そして、時間が利益を生む「複利」の効果が、後半になるほど効いてくる。本書のサブタイトルには、「積立だけで3000万円」とあります。もちろん相場次第で結果は変わりますが、派手な才能ではなく、地味な継続が資産をつくるという考え方は、いまの「つみたて投資」の常識とも、きれいに重なります。

重ねた和紙の束を横から見た層の縞。薄いものが積み重なるイメージ

明日から試せる3つのこと

  • 持っている、または気になる投信の「信託報酬(手数料)」を調べる。長期では、この差がじわじわ効いてくる。
  • 「毎月分配型」など、仕組みが複雑で手数料の高いものは、いったん候補から外す。
  • 世界に分散した低コストの投信をひとつ選び、無理のない金額で自動積立を設定する。

大事なのは、一度仕組みをつくったら、あとは放っておくこと。こまめにいじらないほうが、たいていうまくいきます。

ETFの分配金にも惹かれた時期がありますが、伸び率を比べて、積み立ての投資信託を選びました。「自動で続く仕組み」に任せてからは、相場を気にする時間そのものが減っています。

「9本」の中身より、選ぶ条件のほうを

注意したいのは、本書が紹介する「9本」という具体的なリストは、刊行された時点のものだということです。その後、より低コストで優れた投信も登場しています。だから、9本そのものを鵜呑みにするより、「どんな条件で選ぶか」という考え方のほうを受け取るのが、賢い読み方です。

著者は、この商品の売り手でもある

また、著者は長期投資の運用会社を経営する立場でもあります。その分、自社の方針に近い主張になるのは自然なこと。語られる原則は王道で信頼できますが、最後は複数の情報源と照らし合わせ、自分で判断する——その姿勢だけは、忘れずにいたいところです。

こんな人に効きそうか

投資を始めたいけれど、商品が多すぎて、最初の一歩で固まってしまっている人。何が良くて何が危ないのか、選ぶ基準そのものを知りたい人。そういう人に、迷いを断ち切るシンプルなものさしをくれます。

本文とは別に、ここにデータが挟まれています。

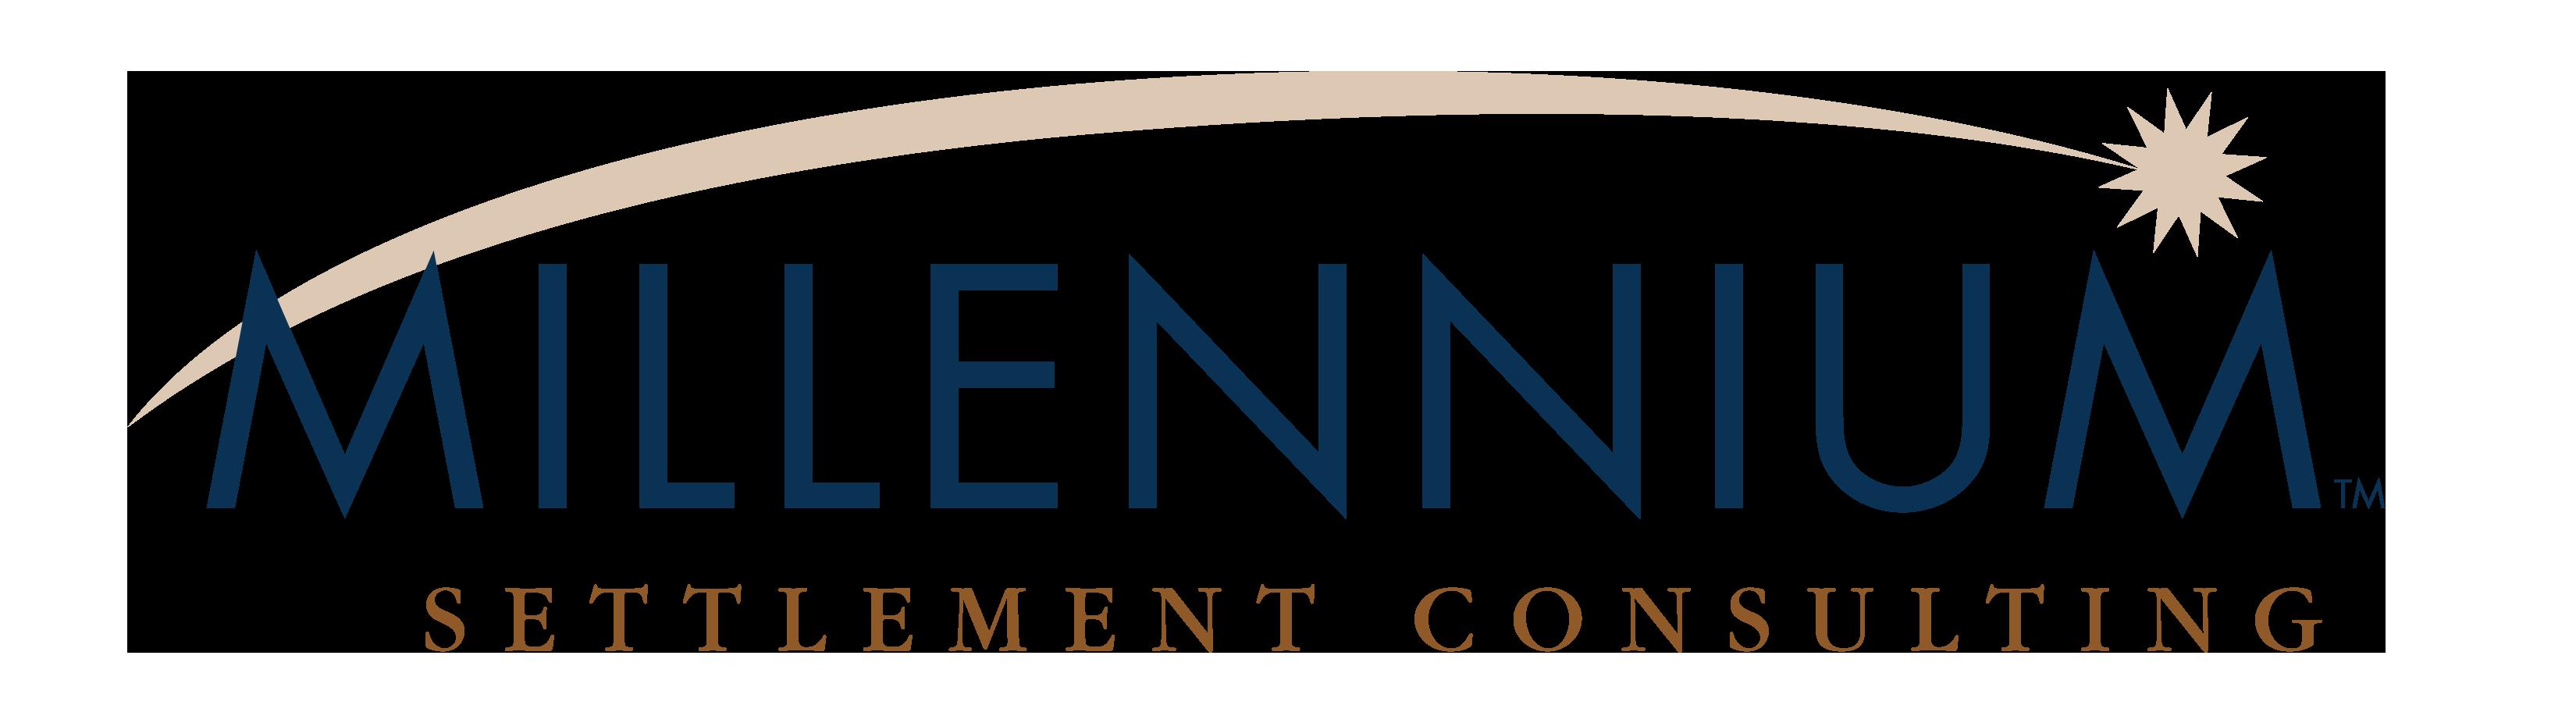 MilleniumSettlement_Logo

すでに投資方針が固まっている人や、個別株で攻めたい人には、この本は不要かもしれません。まだ一本目を選べずにいる人が、最初に開く本です。これは、攻めの本ではなく、土台を堅く固めるための入門書だからです。

読み終えて

白い漆喰壁に葉の影を落とす細い若木。時間をかけて育つイメージ

私はこの本を読んで、まず投信の候補リストを思いきり削りました。選択肢を減らすこと自体が、ひとつの知性なのだと思います。情報も商品もあふれる時代、たくさんの中から最適を探し続けるのは、しんどいうえに、たいてい長続きしません。条件を決めて、思いきって捨てる。残ったものを、長く大事に持つ。

これは服選びにも通じる感覚です。売り場で長く服を扱ってきた実感でいえば、クローゼットも投資も、数を絞って気に入ったものを長く持つ人がいちばん満足そうでした。

この「絞って、続ける」という構えは、投資に限らず、時間やものとの付き合い方にも効いてきます。まずは手数料をひとつ調べてみる。その小さな一歩から、お金との付き合いが、少し落ち着いていきます。